3) El tercero se llama Coqueelaa, que es el dios de las riquezas; el abogado de la grana. Dios Padre. Su ofrenda es una gallina blanca de la tierra. Se deben emprender los viajes precisamente el día que él gobierna.

4) El cuarto se llama Locucui, que es el dios del maíz y de toda la comida. Se le ofrendan los primeros elotes (choclos) de la milpa, y se le quema copal rociado con sangre de gallina de la tierra. Se le ofrendan ayunos de dietas específicas.

5) El quinto, Leraa Huila nombrado también Coquietaa, es el dios de los muertos. Se le ofrenda en sacrificio de uno a tres pollos negros de la tierra, o de un perrillo que puede ser negro o blanco. 

6) El sexto, que se llama Nohuichana, es la diosa del río o del pescado o de las preñadas y paridas. Es la diosa de la vida. Es invocada en el parto y recibe ofrendas en la muerte con su nombre de Leraa Huila; su ave de sacrificio es una gallina pintada de la tierra. En sacrificio se le ofrecen dietas específicas, abstinencia sexual entre lunas y baño ritual.

7) El séptimo se llama Lexee, que es el dios de los brujos o de los ladrones. Respetado también como causante de los sueños. Se le ofrendan cantos y letanías y una candela de color. En sacrificio se le ofrece un perrillo de color.

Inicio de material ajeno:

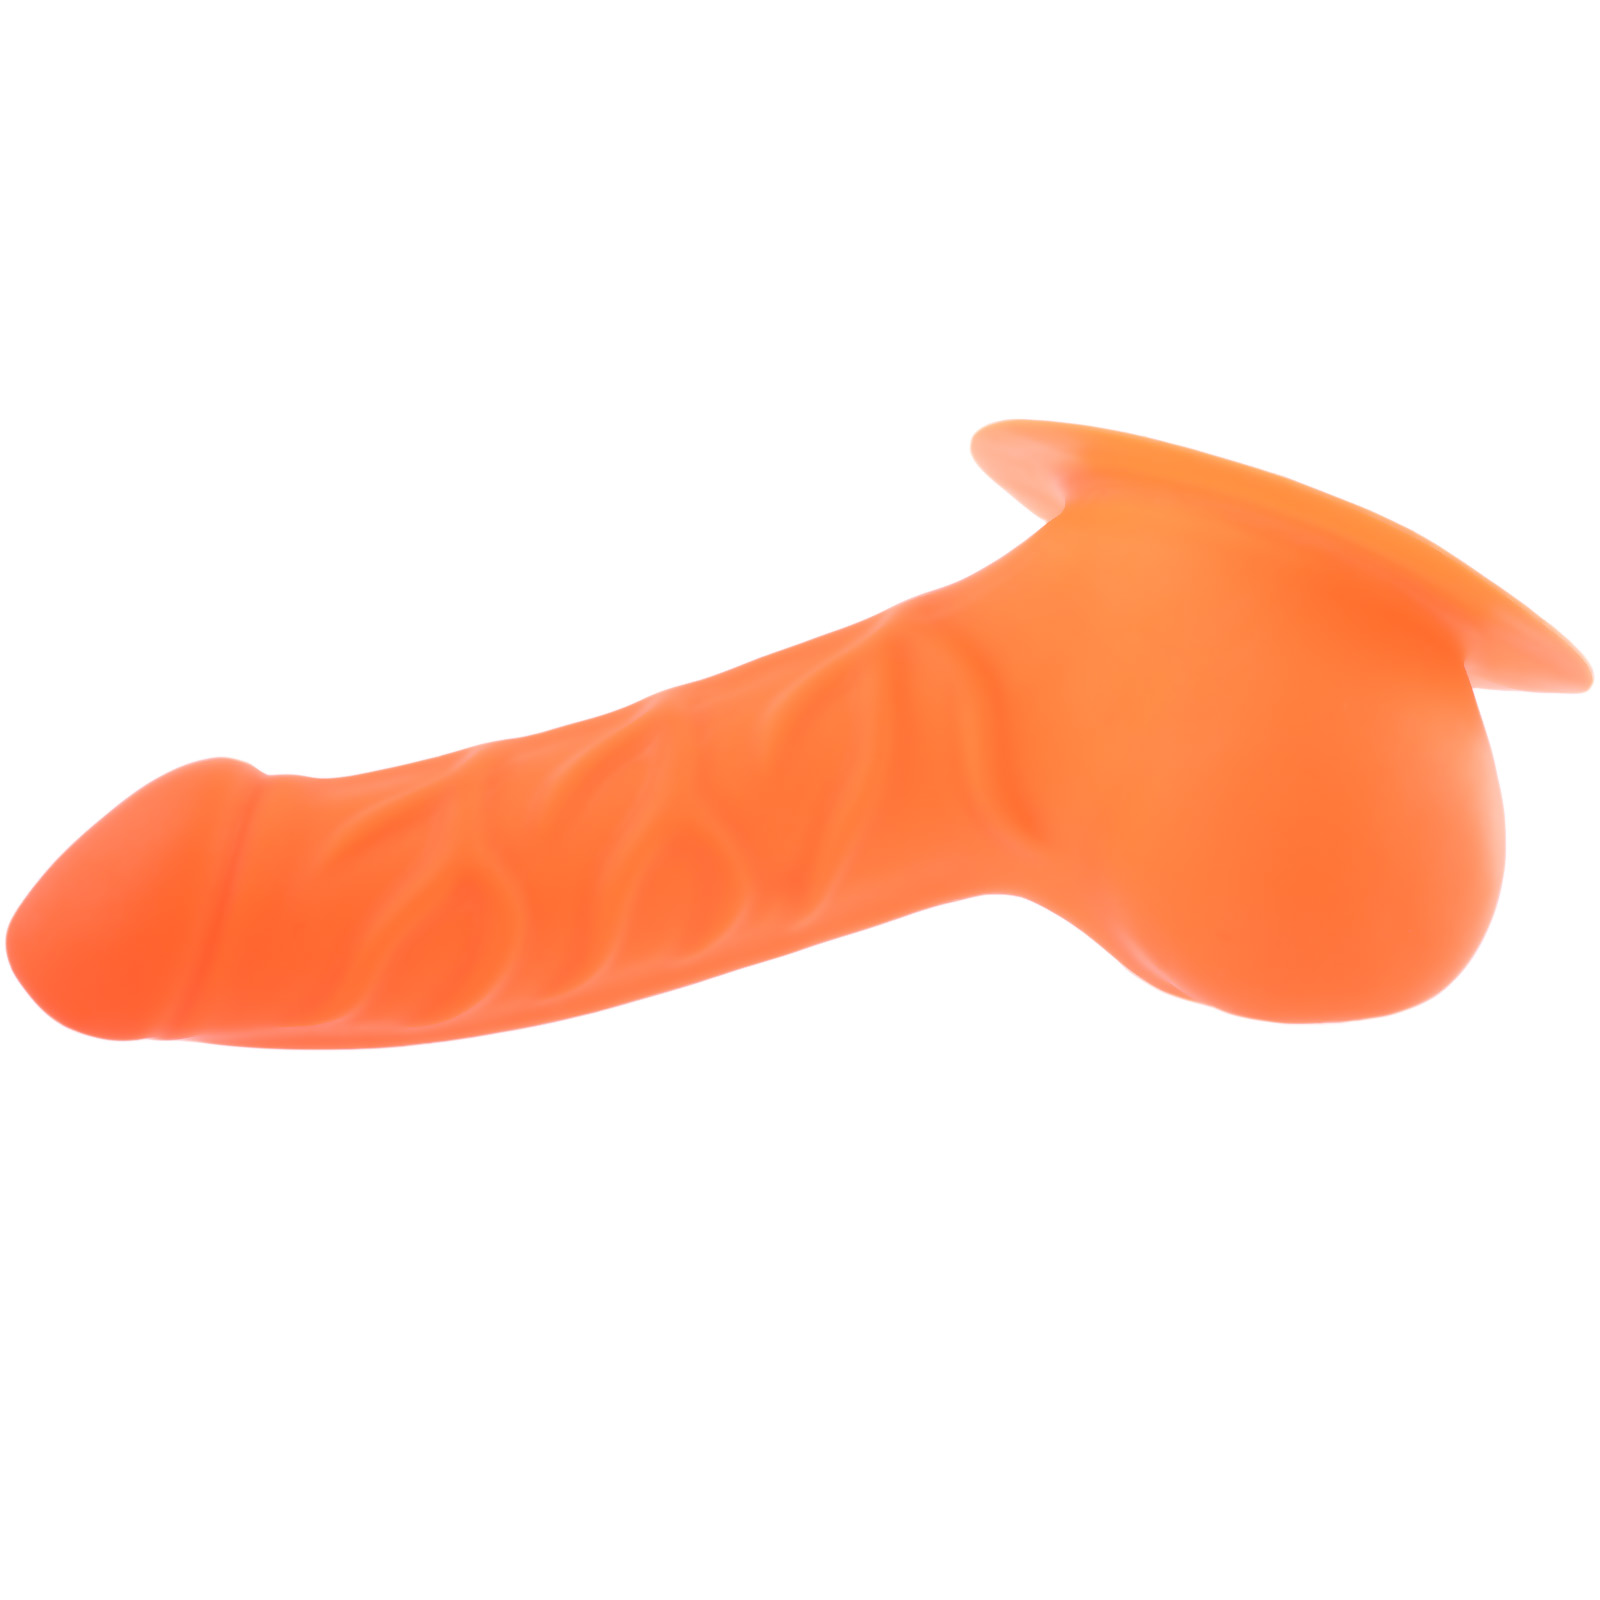 Toylie Latex-Penishülle «FRANZ» neon-orange, mit Basis-Platte zum Ankleben an Latexkleidung

8) El octavo se llama Nonachi, que es el dios de las enfermedades. Se le ofrendan cantos y letanías y candelas blancas. Se le ofrenda en sacrificio abstinencia sexual para que actúe en uno a través de esa fuerza extra que se almacena. Se le ofrenda dietas específicas de alimentos de un color generalmente verde o rojo según el mal. El verde limpia y vigoriza. El rojo fortalece y aumenta la sangre. Se le ofrece baño ritual.

9) El noveno, Locio, es el dios de los rayos que envía el agua para que se den las sementeras. De él depende el éxito de la cosecha. También se le ofrendan los primeros elotes de la cosecha. Su ave de sacrificio es una gallina negra de la tierra.

10) El décimo es Xonatzi Huilia, que es la mujer del dios de los muertos, a quien se sacrifica por los enfermos y por los muertos. Se le ofrendan cantos y letanías. Se le sacrifican gallinas de la tierra. Se le ofrenda abstinencia sexual.

11) El undécimo es Cosana, que hizo los montes, árboles y piedras, que está en las honduras del agua, a quien se encienden candelas y quema copal antes de pescar. También se le nombra Nosanaguela, por ser un dios relacionado con el mar; se le ofrendan cantos y baño ritual.

12) El duodécimo es Leraa Queche, que es el dios de las medicinas, de la sabiduría del mundo verde, las plantas, árboles y seres de la naturaleza vegetal. Se le ofrenda una gallina en sacrificio y petición. Se le ofrendan dietas específicas y baño ritual.

13) El decimotercero es Liraa Cuee, el dios de los antepasados. Se le ofrendan los primeros chiles (o ajíes), elotes y el anís, candelas blancas o de colores y cánticos de agradecimiento por la vida. Se le ofrendan dietas específicas, abstinencia sexual entre soles y baño ritual.

Es así como ahora en esta ciudad capital de Oaxaca, yo mismo, Esteban de Robles, natural de San Miguel Sola, declaro estos atributos afirmando como es para cada uno de nuestros trece dioses".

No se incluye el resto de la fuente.